И солнце взойдет (СИ) - О'. Страница 127
— Возможно, космосу плевать на потерю одного-единственного человека, но мир не состоит лишь из глобального. Есть ведь и личное. И для кого-то эта смерть — конец. Больше не будет мечтаний, любви, целой реальности! И мы не можем относиться к нашему делу так, будто это конвейер бездушных случаев.
— В тебе пока бурлит беспричинный энтузиазм. — Энтони снисходительно улыбнулся, а Рене вдруг захотелось швырнуть в него намертво вбитым в камень пушечным ядром. — Пустой оптимизм. Возможно, на нем ты протянешь чуть дольше, чем несколько лет, но взрослеть тебе все же придется…

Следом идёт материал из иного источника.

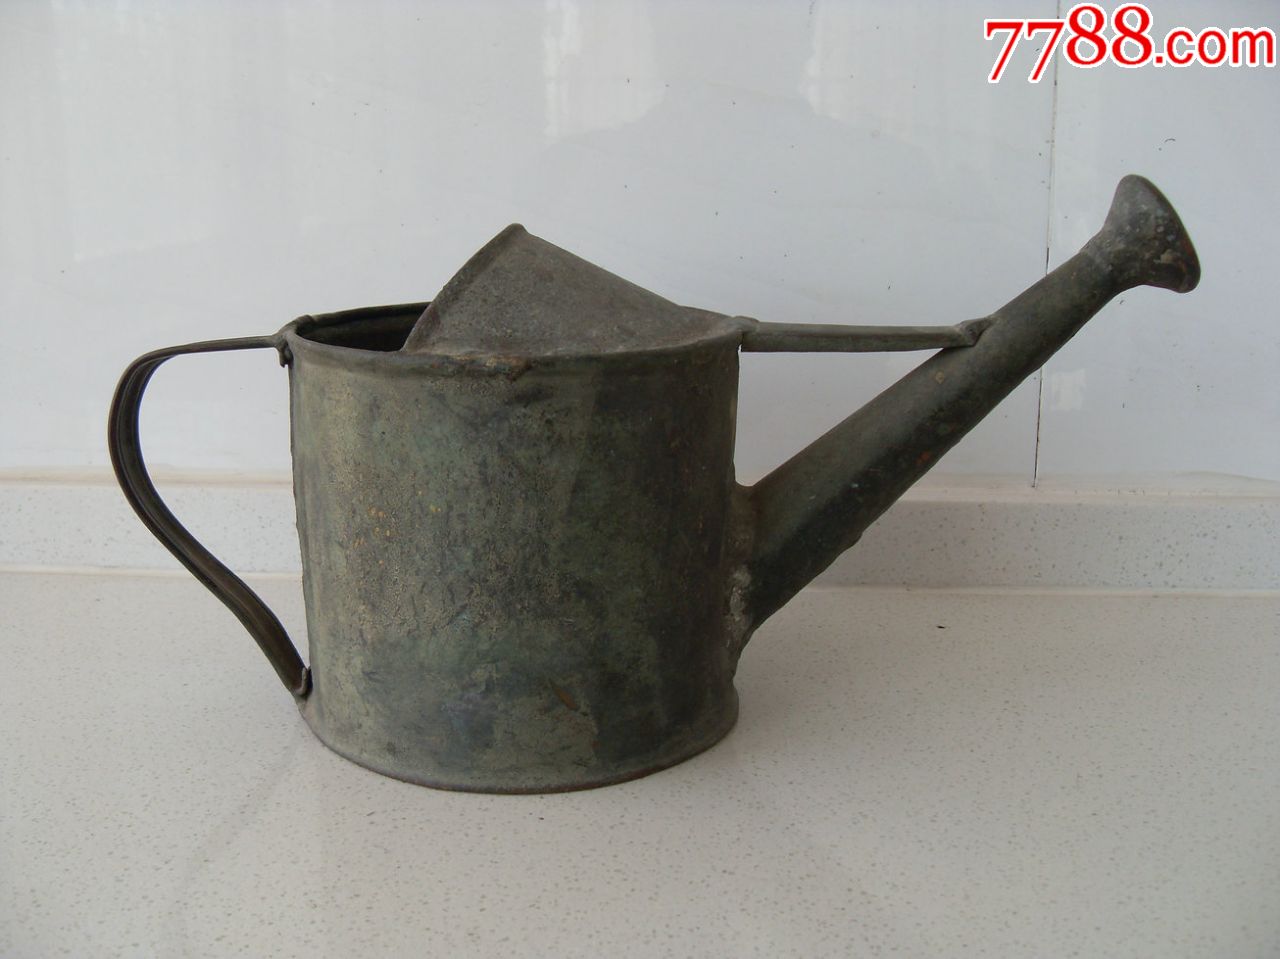 【怀旧经典品种】民国老古董铜喷水壶!

— Хватит! — вдруг выкрикнула она. И — чудо! — Энтони резко замолчал. — Хватит думать, будто я малолетняя дура. Хватит меня поучать! Только и слышу: взрослей, ребенок, наивность. Хватит! Ты же ничего не знаешь! Ничего совершенно, чтобы раздавать советы, какие мне принимать решения, что считать и чем руководствоваться. Я понимаю, вам весело. О, вот она — милая маленькая девочка — над ней ведь можно так хорошо посмеяться. Восторженная глупышка, у которой в голове лишь романтика да альтруизм. Чем не прекрасный объект для шуток и наставительных разговоров. Но все немного иначе. Я не просто…
— Серьезно? — вдруг прервал ее Тони. — Вот как ты обо мне думаешь?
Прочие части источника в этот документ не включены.